Authors: Sung Soo Ahn ; Eun Seong Park ; Joo Sung Shim ; Sang-Jun Ha ; Beom Seok Kim ; Seung Min Jung ; Sang-Won Lee ; Yong-Beom Park ; Jason Jungsik Song

Citation: ARTHRITIS RESEARCH & THERAPY, Vol.19(1) : 193, 2017

Journal Title: ARTHRITIS RESEARCH & THERAPY

ISSN: 1478-6354

Issue Date: 2017

Keywords: IFN-γ ; IFN-γ releasing assay ; Systemic lupus erythematosus ; T cell

Abstract: BACKGROUND: Lupus pathogenesis is closely associated with interferon gamma (IFN-γ), which plays a central role in innate and adaptive immunity. The aim of this study was to evaluate the ex vivo production of IFN-γ after stimulation of peripheral blood mononuclear cells with phytohemagglutinin (PHA) in patients with lupus, according to disease activity.

METHODS: This study included 118 patients with lupus who had undergone IFN-γ-releasing assays (IGRAs) to screen for tuberculosis. Data on IFN-γ production in negative (nil) and positive (mitogen with PHA) controls were collected and analysed. The difference (mitogen minus nil) was used to calculate ex vivo IFN-γ production. Disease activity was evaluated using the Systemic Lupus Erythematosus Disease Activity Index 2000 (SLEDAI-2 K). Poor hospitalisation outcome was defined as in-hospital mortality or intensive care unit admission. Associations among disease activity, poor hospitalisation outcome, and ex vivo IFN-γ production were assessed.

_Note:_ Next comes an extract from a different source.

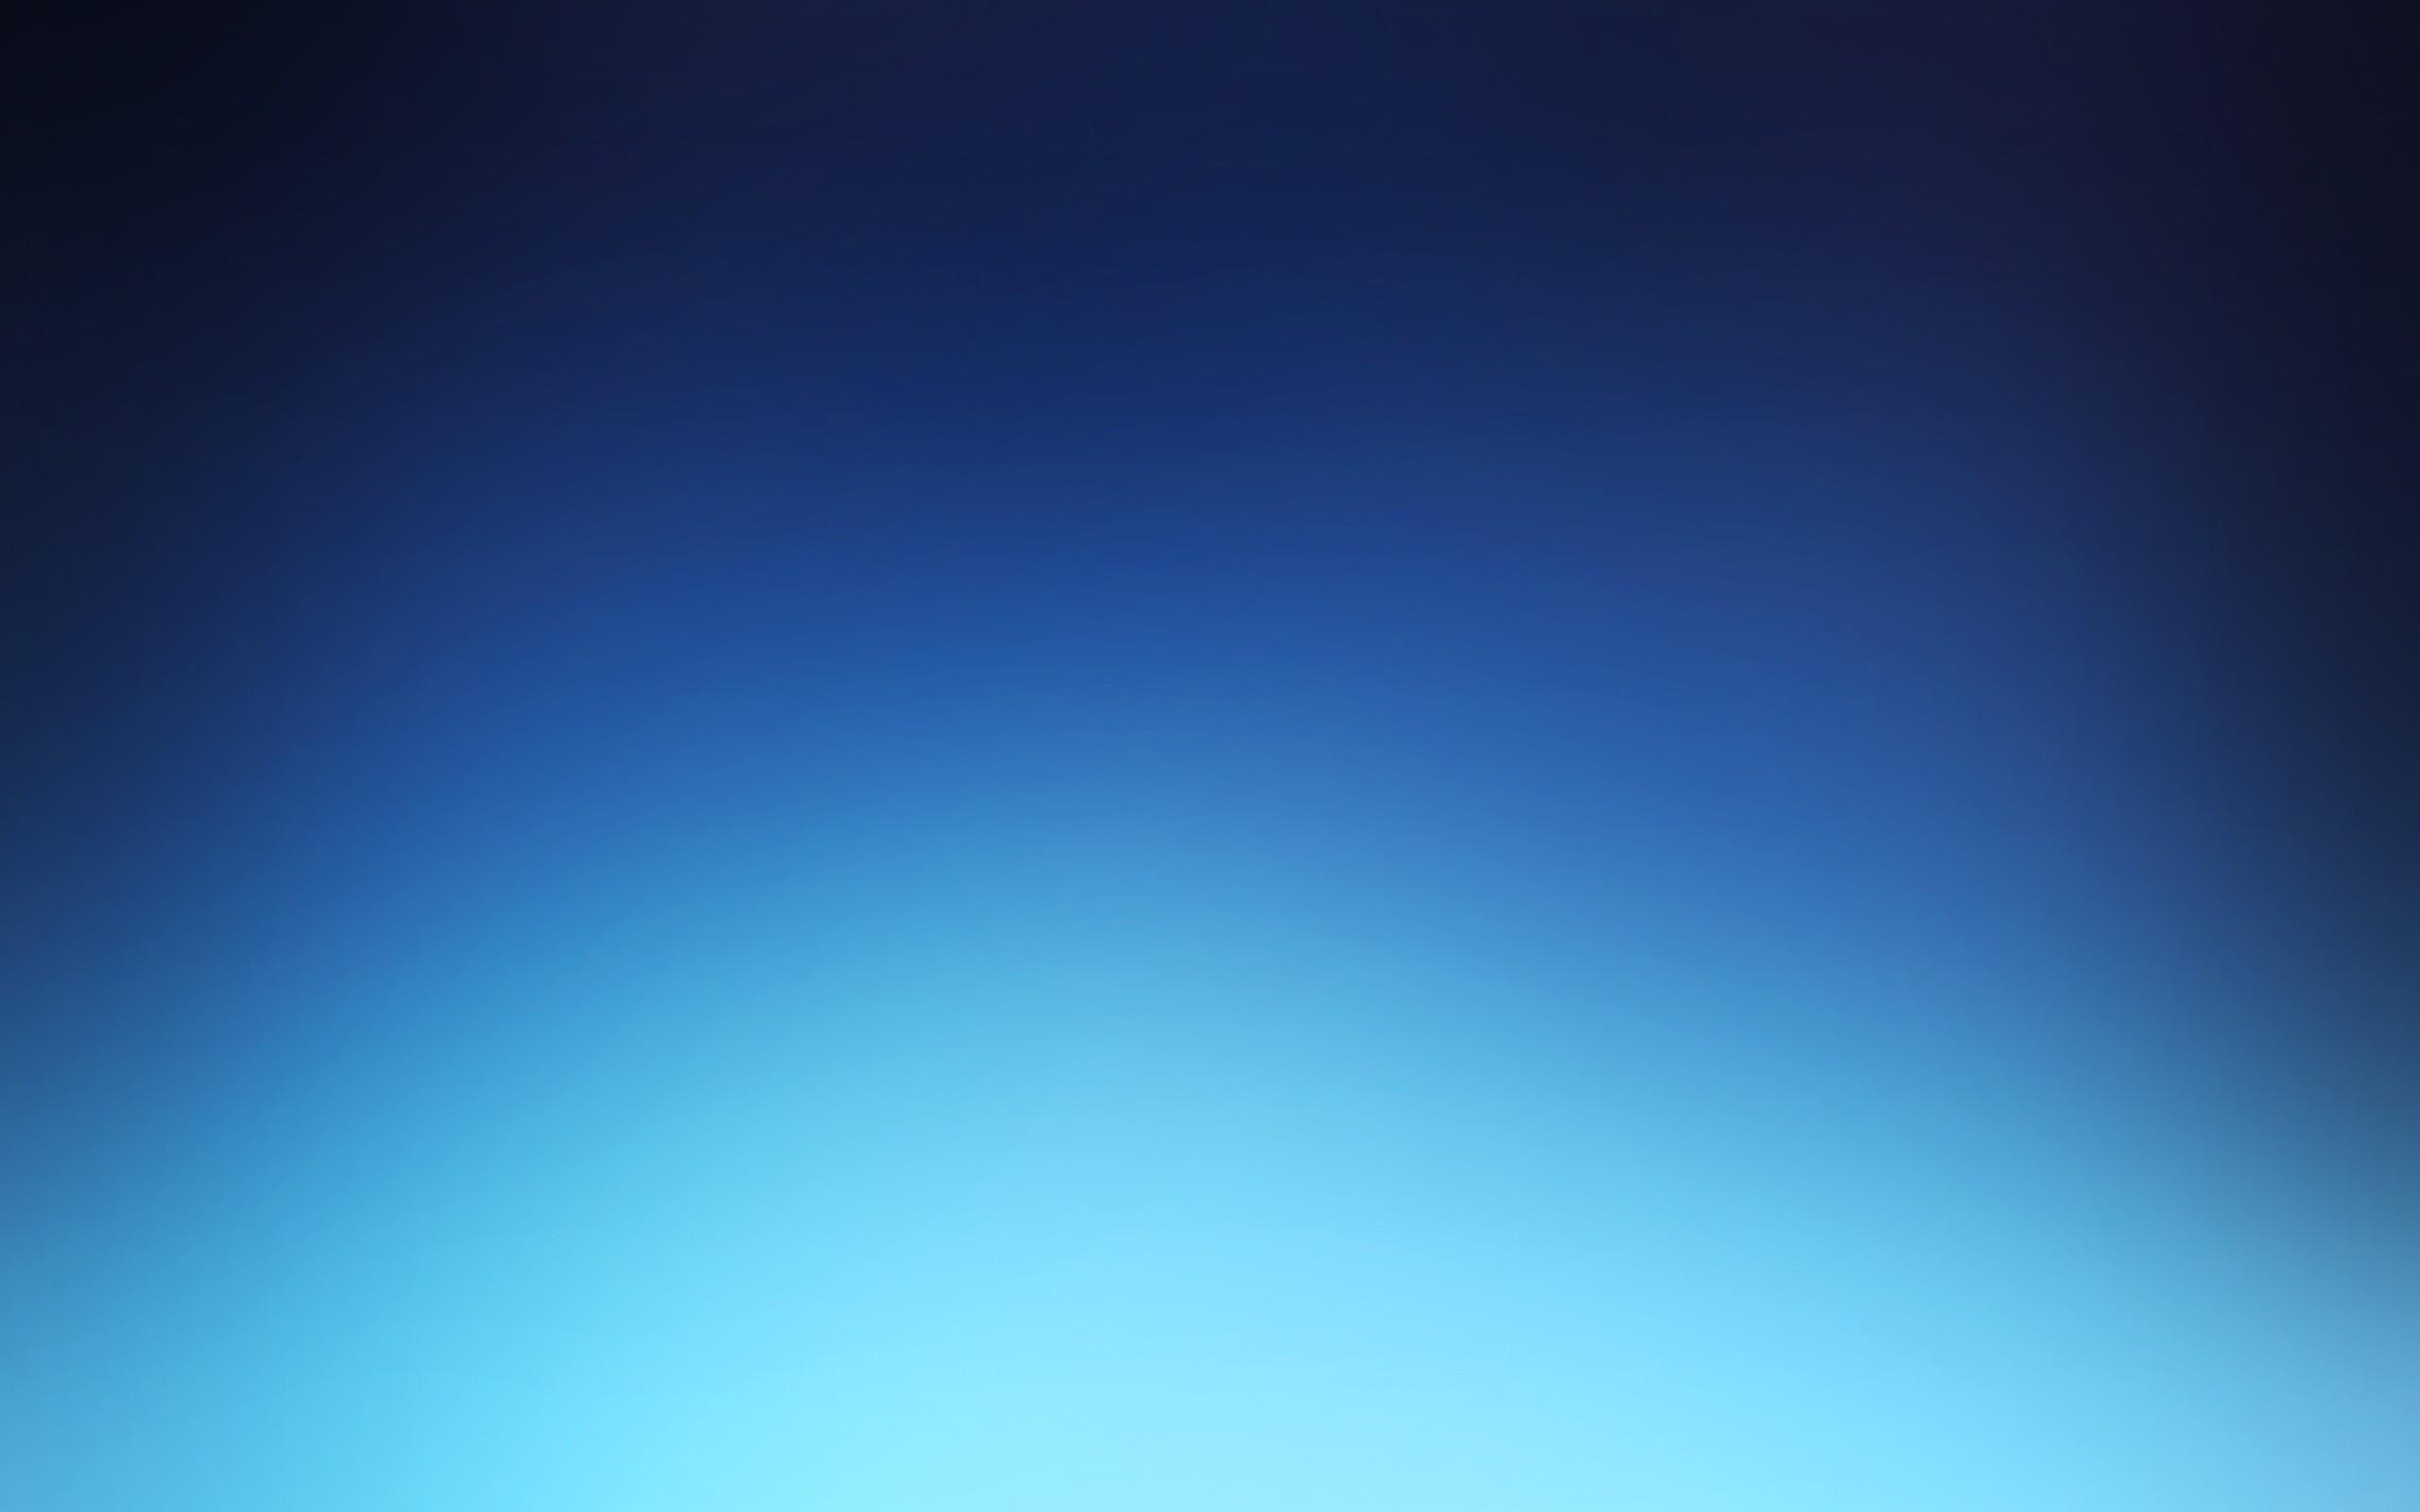 Blue color background wallpaper 2560x1600 1788 WallpaperUP 2560x1600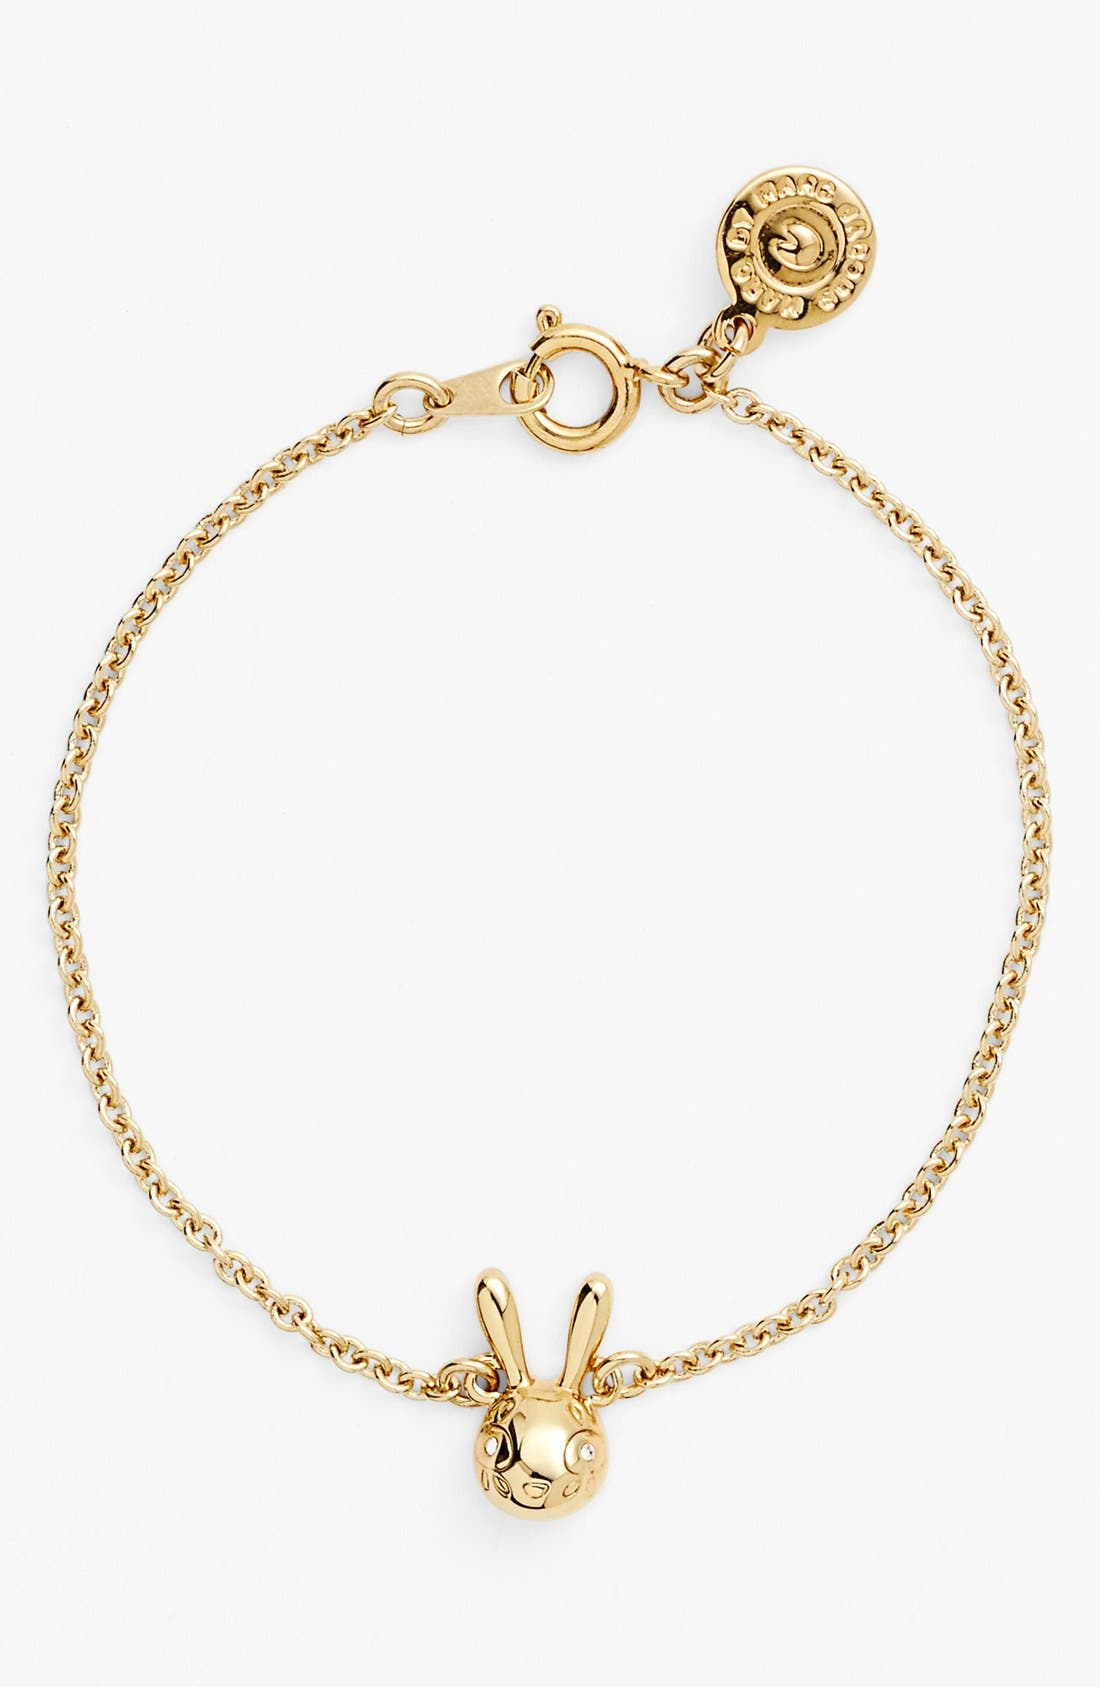 Alternate Image 1 Selected - MARC BY MARC JACOBS 'Dynamite' Bunny Line Bracelet

RESULTS: The level of ex vivo IFN-γ production was significantly lower in patients with active systemic lupus erythematosus (SLE) (n = 64) than in those with inactive SLE (n = 54) (median 0.92 vs. 11.06 IU/mL, p < 0.001). Ex vivo IFN-γ production was correlated with the SLEDAI-2 K (r = - 0.587, p < 0.001). Results of multivariate logistic regression analysis showed that ex vivo IFN-γ production ≤ 7.19 IU/mL was an independent predictor for discriminating active and inactive lupus. In addition, patients with ex vivo IFN-γ production ≤ 0.40 IU/mL had more frequent poor hospitalisation outcomes than those with ex vivo IFN-γ production > 0.40 (40.0% vs. 9.3%, p = 0.001). The proportion of indeterminate IGRA results was higher in patients with active lupus than in those with inactive lupus (45.3% vs. 0.0%, p < 0.001) because of decreased ex vivo IFN-γ production.

CONCLUSIONS: Ex vivo IFN-γ production is a useful biomarker for assessing disease activity and predicting poor clinical outcomes of SLE.